Common Voice is a great resource for natural language processing enthusiasts. Today I was giving it a pass using Goruut 0.4.0, which uncovered several outliers.
Language | Outlier |
---|---|
ar | Meaning: Someone in a difficult situation will do anything to get out of it. |
bn | Google Play |
ca | " |
es | וְתִסְמְכֵנוּ לְשָלוֹם. |
fa | amir šāyān |
ja | a |
ja | A |
ja | fgtyht |
ja | gfvrv |
ja | Give us back our time. |
ja | green |
ja | hello |
ja | I don’t know |
ja | If you love you, please love me. |
ja | I saw him today |
ja | I wanna fly so high Yeah, I know my wings are dried |
ja | jdjdjd |
ja | ksskskksksks |
ja | tyyjnybt |
ja | v |
ja | Windows |
ja | X軸Y軸 |
ja | You must be teasing us. |
ja | 歴史的修正主義者De Ste。 |
ka | ???????? ???????? ????? ?????? ??????. |
mn | ?????? |
ru | ?????? ???? ?????, ??? ????????? ???? ??? ?????? |
ru | Firefox |
sr | Sreća je u malim stvarima |
ur | ﺍﺱ ﭘﺮ ﺟﻮﺍﮨﺮ ﻻﻝ ﻧﮩﺮﻭ ﻧﮯ ﻣﺴﮑﺮﺍ ﮐﺮ ﮐﮩﺎ ﺗﮭﺎ |
ur | ﭨﮭﻮﻧﺲ ﺩﯾﺘﮯ ﺗﮭﮯ |
ur | ﮈﺍﮐﯿﮧ ﭘﮭﺮ ﭘﺮﯾﺸﺎﻥ ﮨﻮ ﮔﯿﺎ |
ur | ﮐﯿﺌﺮﭨﯿﮑﺮ ﺣﮑﻮﻣﺖ ﺑﮭﯽ ﻗﻮﻣﯽ ﺣﮑﻮﻣﺖ ﺑﻦ ﺳﮑﺘﯽ ﮨﮯ |
ur | ﻟﻮﮔﻮﮞ ﻧﮯ ﺣﯿﺮﺕ ﺳﮯ ﭘﻮﭼﮭﺎ |
A number of English texts in non-English datasets.
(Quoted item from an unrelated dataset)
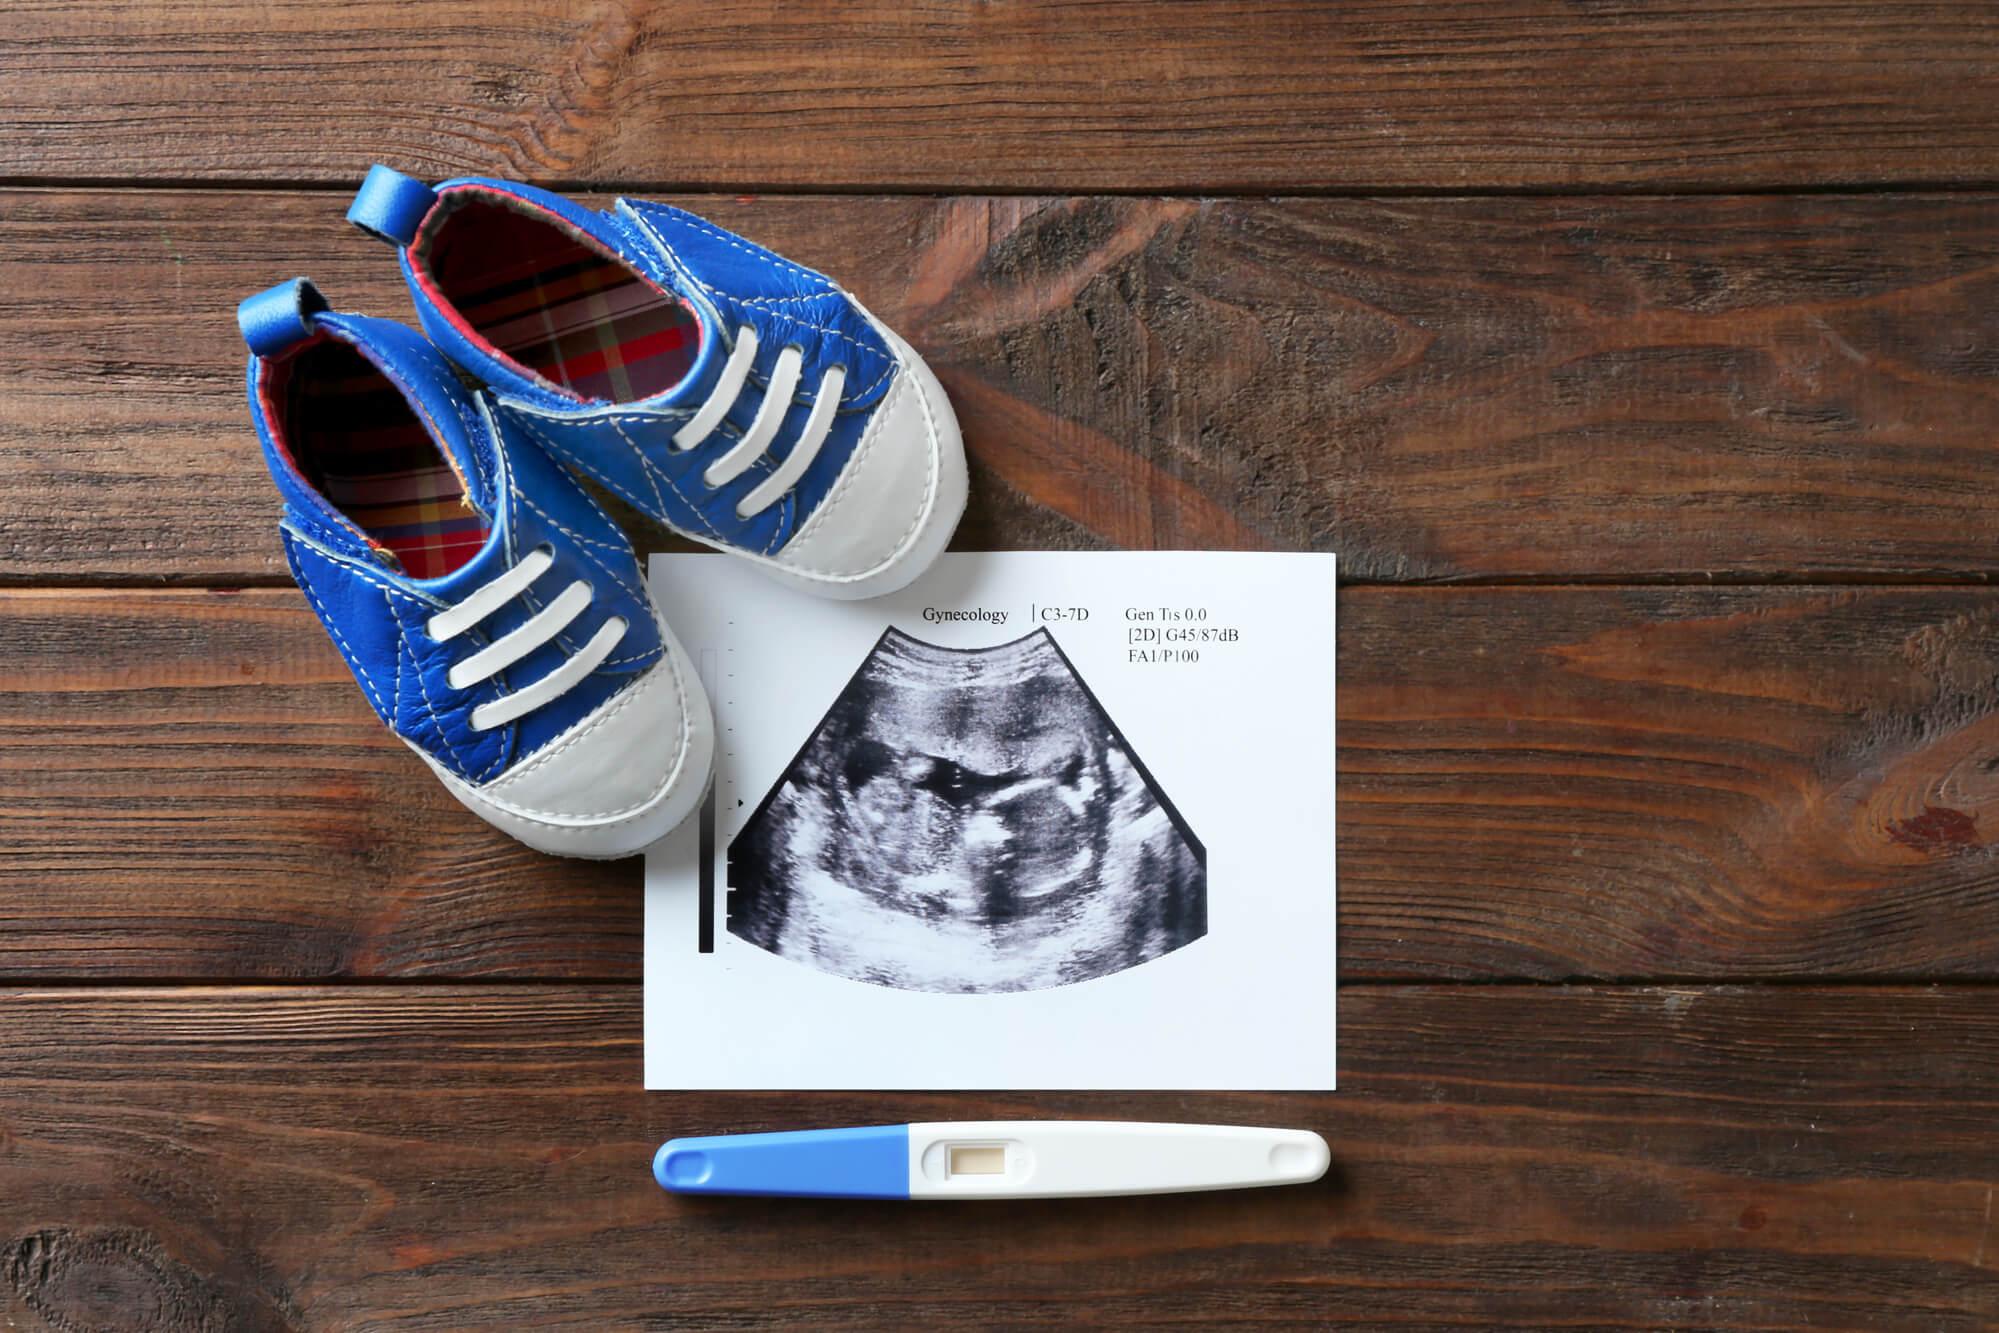 泰国试管婴儿技术在世界上算先进的吗?泰国试管婴儿技术水平真的很好吗?

No idea what Hebrew phrase does in Spanish dataset. The word “Firefox” should be probably in Cyrillics same for “Sreća je u malim stvarima”. About the Urdu outliers, no idea why these came out, but listing them just in case.